# My wife has fallen out of love with me, but there is more.



## abaco

A little over a month ago my wife started to acted distent. I would ask if she was alright but she would always say that she was just tired. Finally three weeks ago I sat her down to talk and she told me she had fallen out of love with me. She said “she had a hole in her heart and she couldn’t fill it”. The next day I talked to her about counseling, she said she would do it but” her mind was already made up”. I should mention that we have been together 20 years, married 16 and we have a 4 year old little boy. 

Six months ago she had started to act strange. She had made a new friend who she works with and suddenly they seamed to be best of friends. During this time my wife started talking about getting a tattoo and wanted to know what I thought? She was thinking about being in a play because her new friend was big into acting and she even asked me if I would like to watch pornography with her because she had never seen it before. I was supportive on all of these counts and have always encouraged my wife. Still I was starting to wonder about her new friend because of how much time they were spending together and how offen she would talk about her.

Five nights ago my wife was out working late again, something she has been doing a lot of when I got a phone call from my wifes new friends husband. I have never met this man before or even talked with him.

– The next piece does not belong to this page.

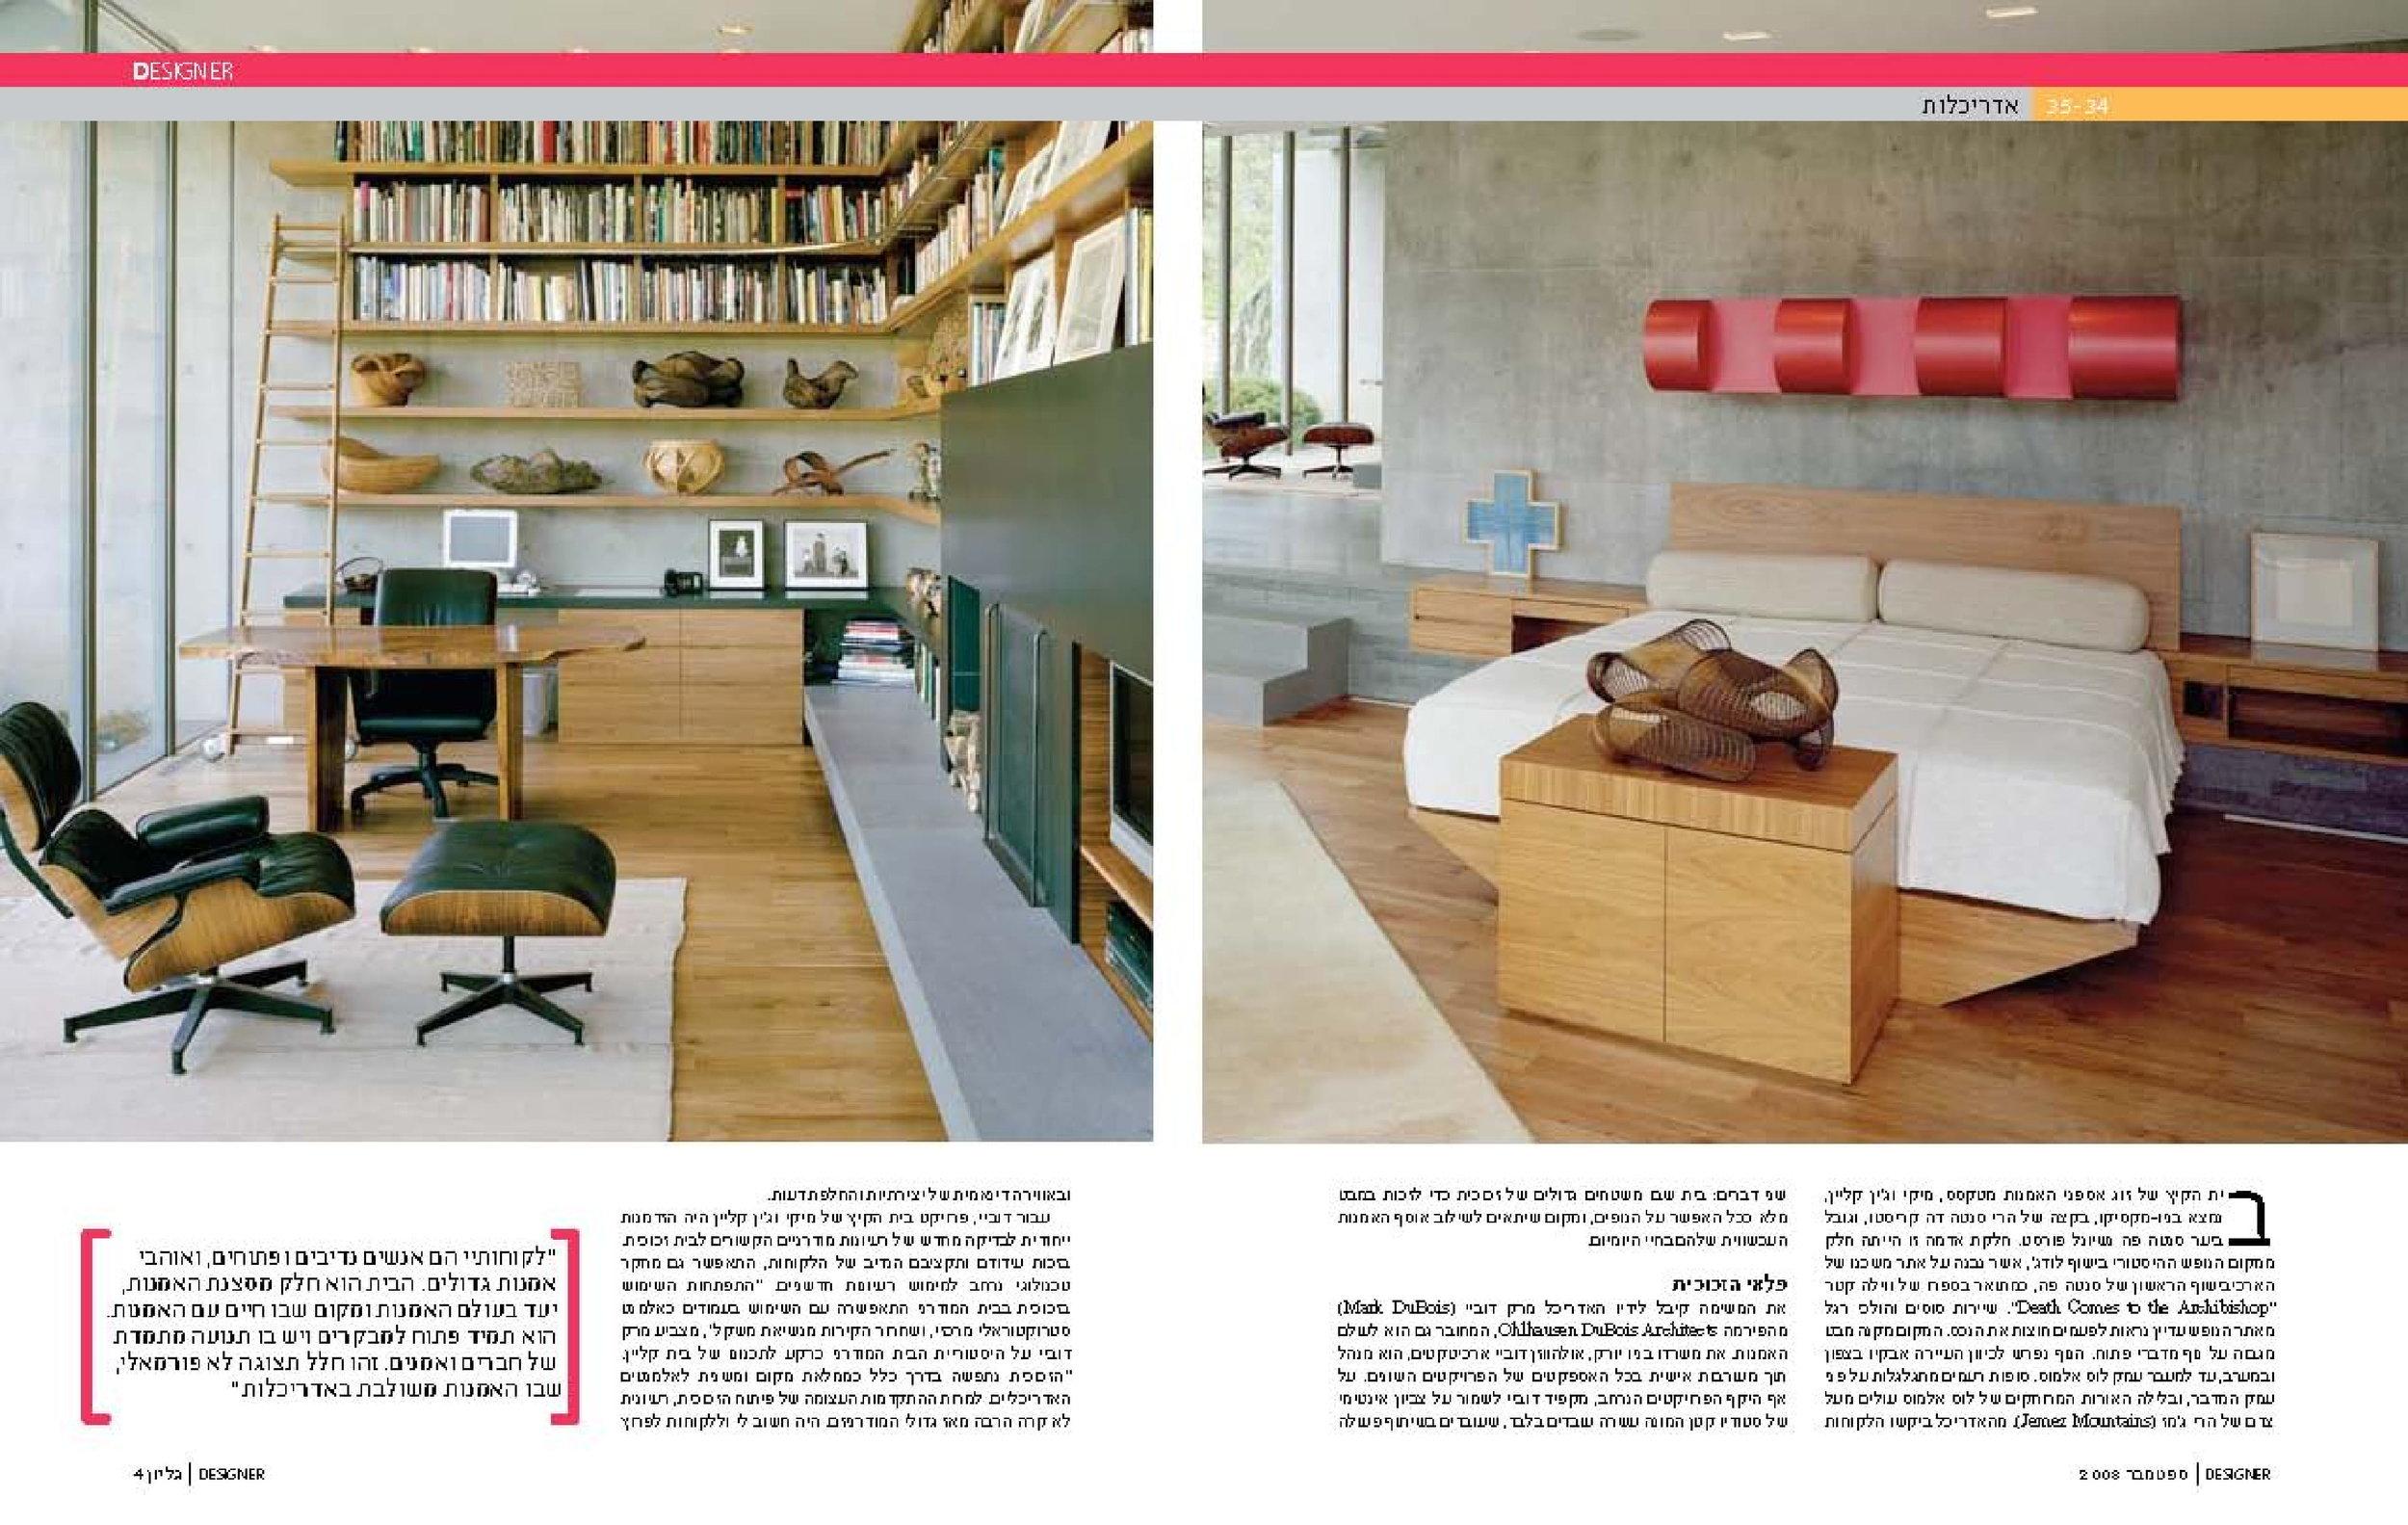 DuBois+Santa+Fe+Designer+of+Haaretz-2.jpg

He started by telling me he was worried about our marrage because his wife had just brocken up there marriage of 14 years This was two weeks before my wife had done the same to me, it even sounded like she had used the same words. He also explaned that his wife can be very karasmatic and manipulative and that she wanted a "playpal for after the seperation". He seamed genuinely concerned for our marrage.

Our marrage hasn't been perfect, 11 years ago I was diagnosed with an adult form of muscular dystrophy which has phyically affected me but I truely love my wife and until a month ago I believed she loved me. As I mentioned, we are going for counseling but she still seams far more interested in hanging out and texting her friend than trying to fix our marriage.

I really need help!


----------



## keko

You need to find a way to kill this friendship, she is too toxic to your wife.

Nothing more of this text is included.